The End of Phishing. Isn't that the big one, hidden in plain sight?

Imagine TLDs like (.hsbc) or (.citi)

As a consumer, I'd feel rock-solid secure, exchanging information with one of these entities, because I'd know they are who they say they are.

To Shiv Singh's point - as well as the apparent conclusion of the article - isn't this something consumers would embrace?

over 4 years ago

Michele Neylon

Michele Neylon, CEO at Blacknight Internet Solutions Ltd

Patricio

I'd disagree.

The entire angle being taken in coverage on this site has been anti new TLD from the get go.

And this has been compounded by pretty much every single article that has been published.

You've completely ignored the marketing opportunities that many small to medium sized companies will have with new TLDs.

And that's just one of the many many angles you've ignored.

As for .biz and .mobi - I visit them pretty much every single day.

Trucking out the rather jaded examples of "failures" is easy.

I don't see you talking about .cat.

I don't see you talking about .co

There's a lot more to new TLDs than a few big corporates. Pity nobody will get to read about it here

Michele

over 4 years ago

Patricio Robles

Patricio Robles, Tech Reporter at Econsultancy

Yatin,

Brand TLDs aren't going to end phishing. If your computer is compromised, an attacker could just as easily make it appear that you're accessing, say, my.hsbc or myaccount.citi.

What about less sophisticated attacks?
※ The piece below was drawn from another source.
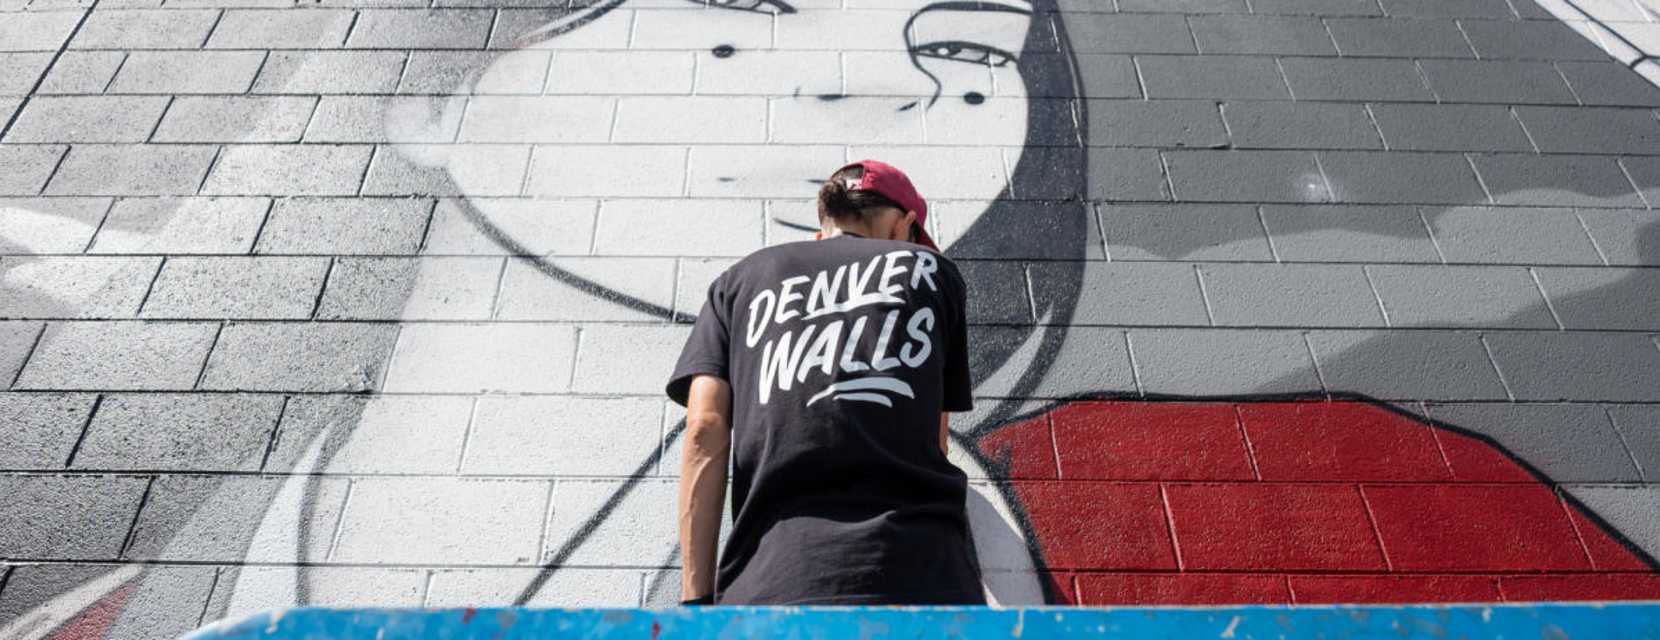 DENVER WALLS mural festival

The individuals being fooled into providing their credentials to spoof .com, .net, .biz, etc. phishing sites obviously aren't looking at the URLs they're accessing.

Michele,

I'd love to see a list of the .biz and .mobi sites you visit every day.
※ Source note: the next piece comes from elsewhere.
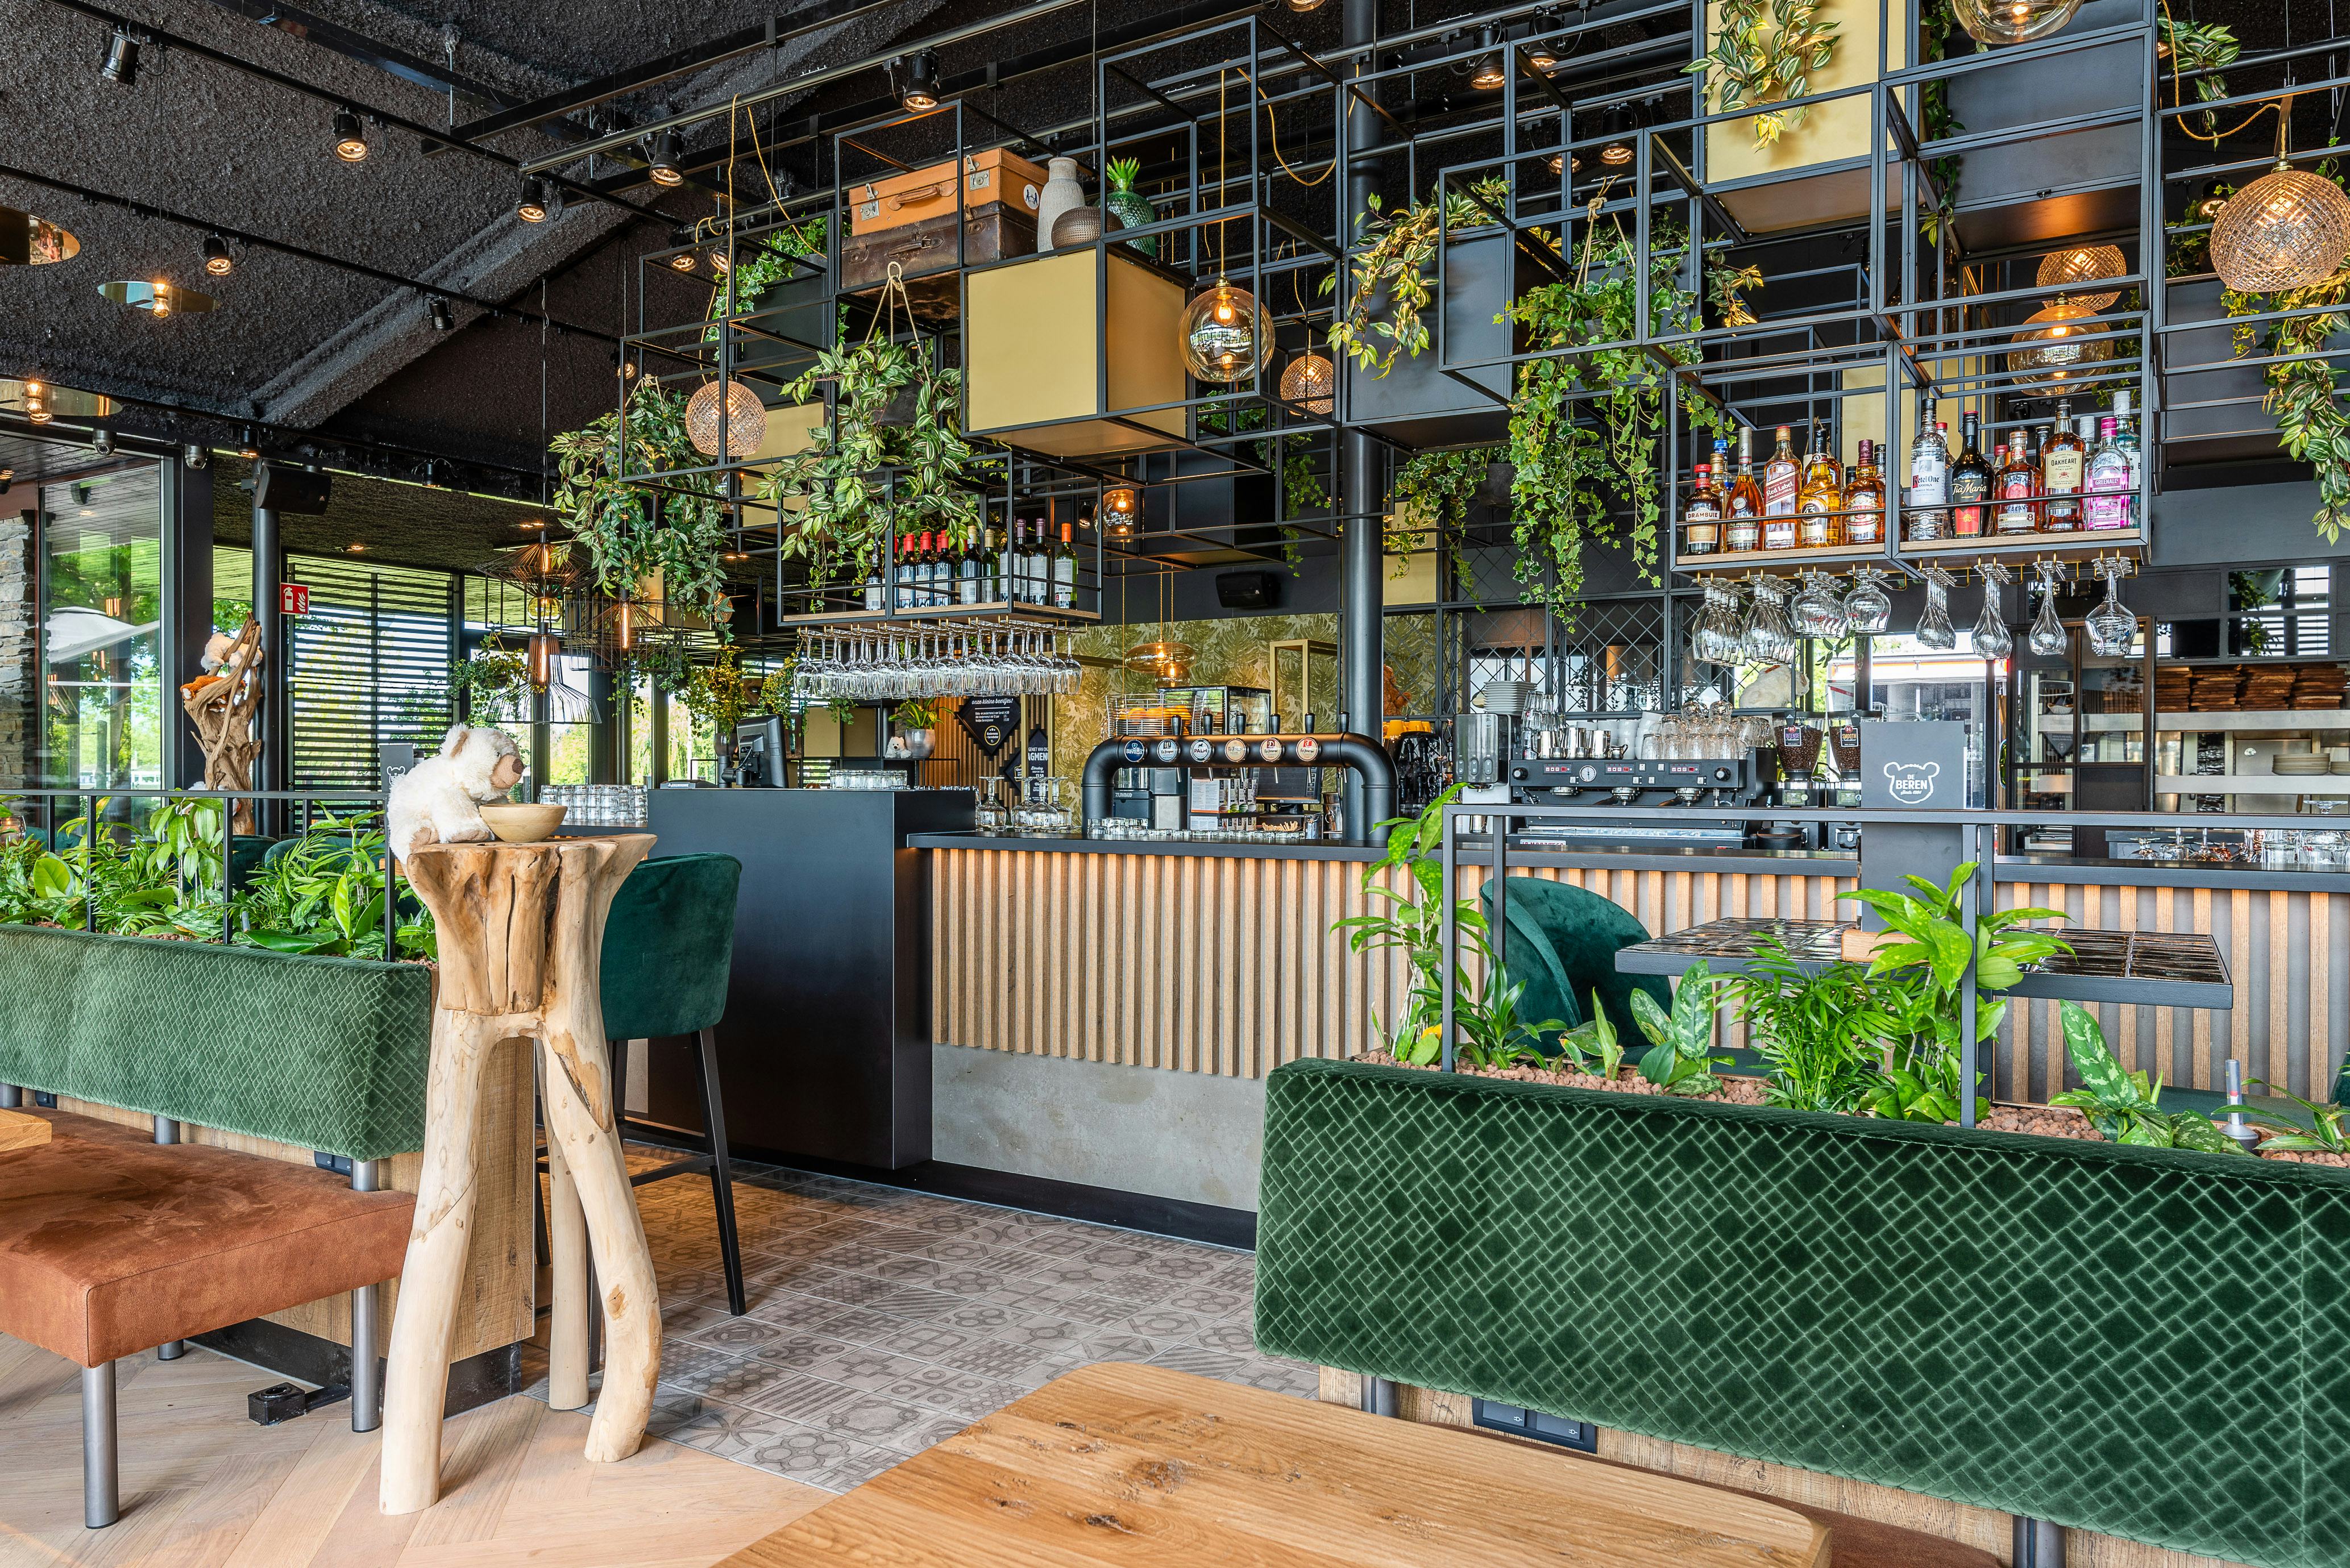 Restaurant De Beren opent filiaal in Veenendaal

I'm not sure what .cat has to do with this discussion. The TLD was approved for the Catalan-speaking world, and even though it's not technically a ccTLD, it serves much the same purpose.

As for .co, I have written about this ccTLD which has been marketed like a gTLD given that it's one character removed from .com. See http://econsultancy.com/uk/blog/8282-overstock-learns-that-com-is-still-king.

Are new TLDs interesting? Yes, but that doesn't mean that they should be endorsed because they sound cool or the .coms many of us would like are already registered. When it comes to small and medium-sized businesses, many of which have limited marketing budgets, I simply don't think there's a compelling reason to believe that new gTLDs are going to help them market themselves more effectively online.

The history of existing gTLDs (and ccTLDs marketed as gTLDs), on the other hand, offers plenty of reasons to be skeptical.